*How to complete this task*:
Using the listing below, print exactly everything from the line with "TRAVAIL DES ANNÉES" down to the line with "235 x 125 cm", both included, and nothing more.

*Extracted data*:
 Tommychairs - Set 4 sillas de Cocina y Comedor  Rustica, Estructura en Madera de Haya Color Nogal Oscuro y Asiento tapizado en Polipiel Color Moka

* * *

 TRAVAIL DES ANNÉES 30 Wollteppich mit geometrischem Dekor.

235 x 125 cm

--

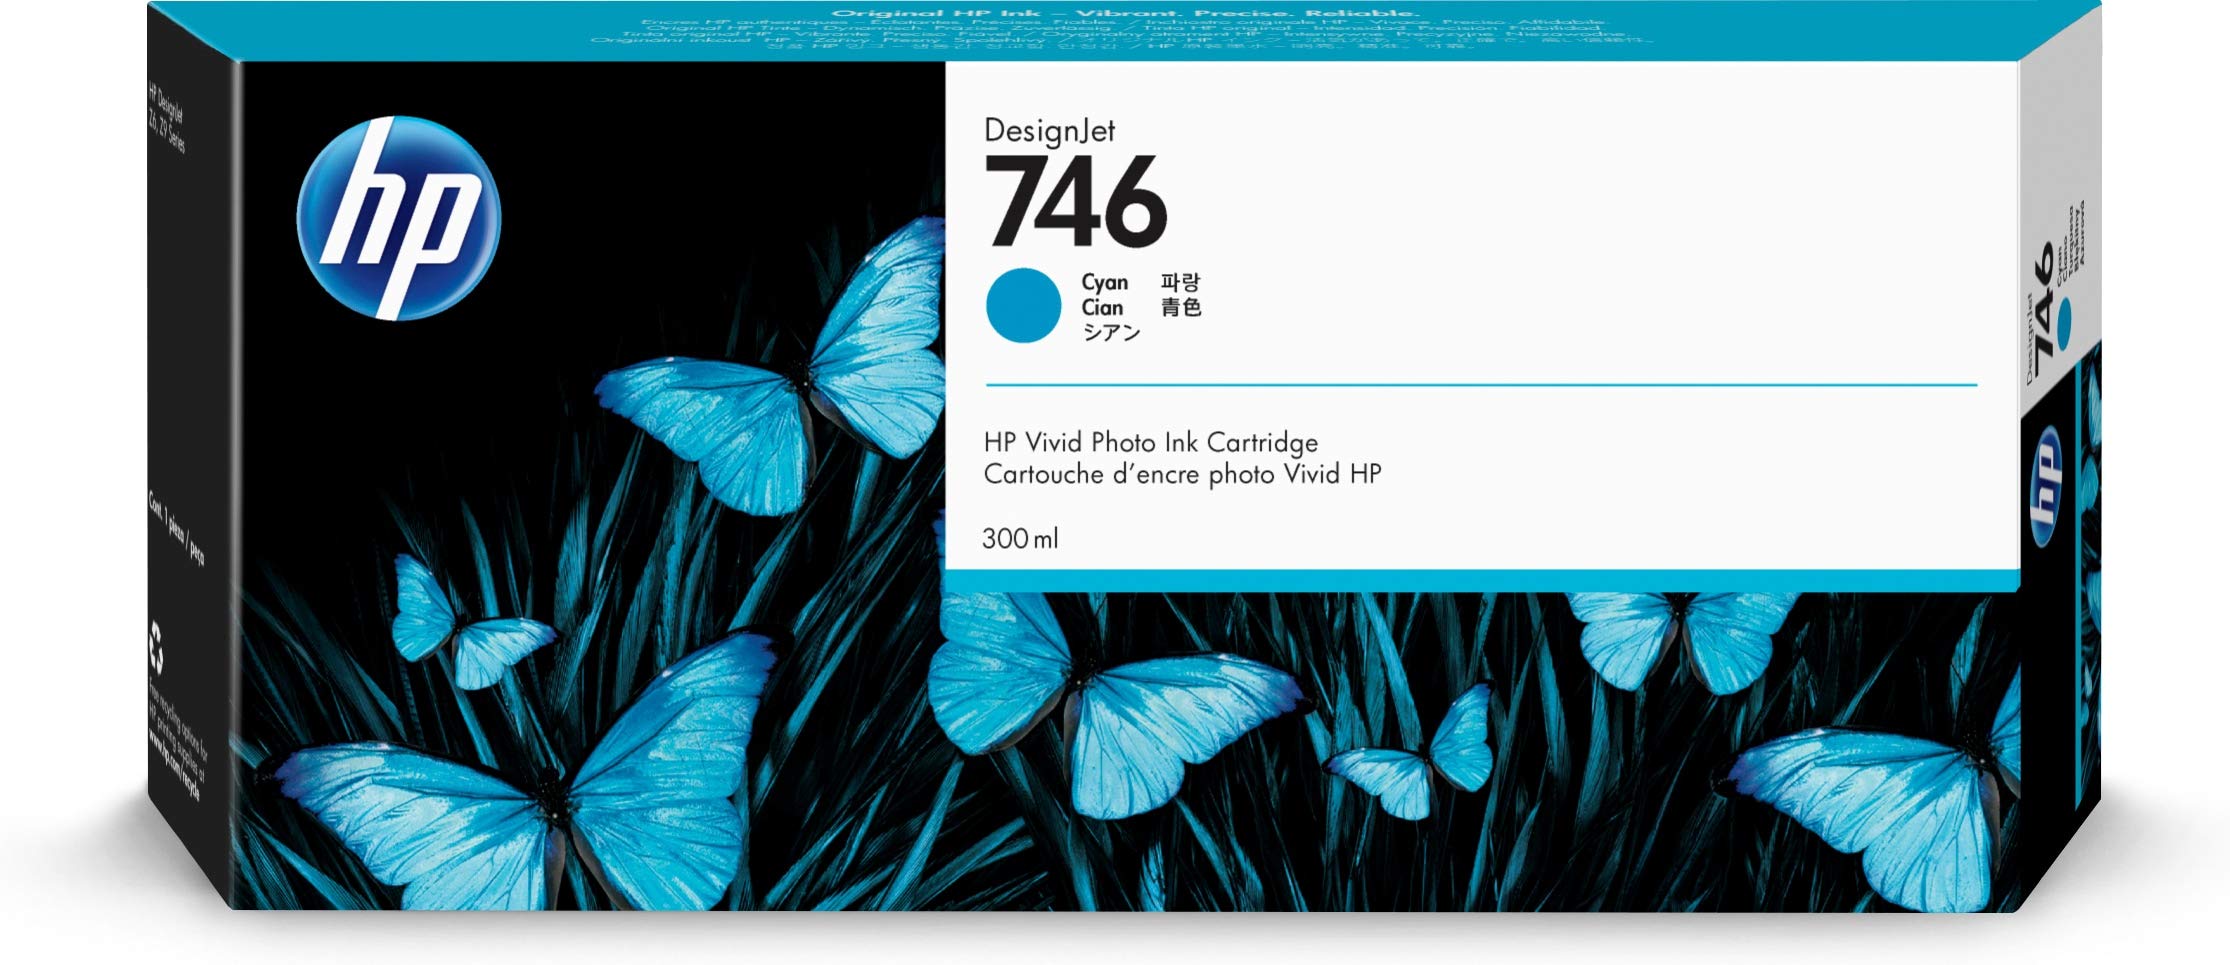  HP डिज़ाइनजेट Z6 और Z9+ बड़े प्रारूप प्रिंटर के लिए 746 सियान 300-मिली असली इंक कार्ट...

*Written solution*:
 TRAVAIL DES ANNÉES 30 Wollteppich mit geometrischem Dekor.

235 x 125 cm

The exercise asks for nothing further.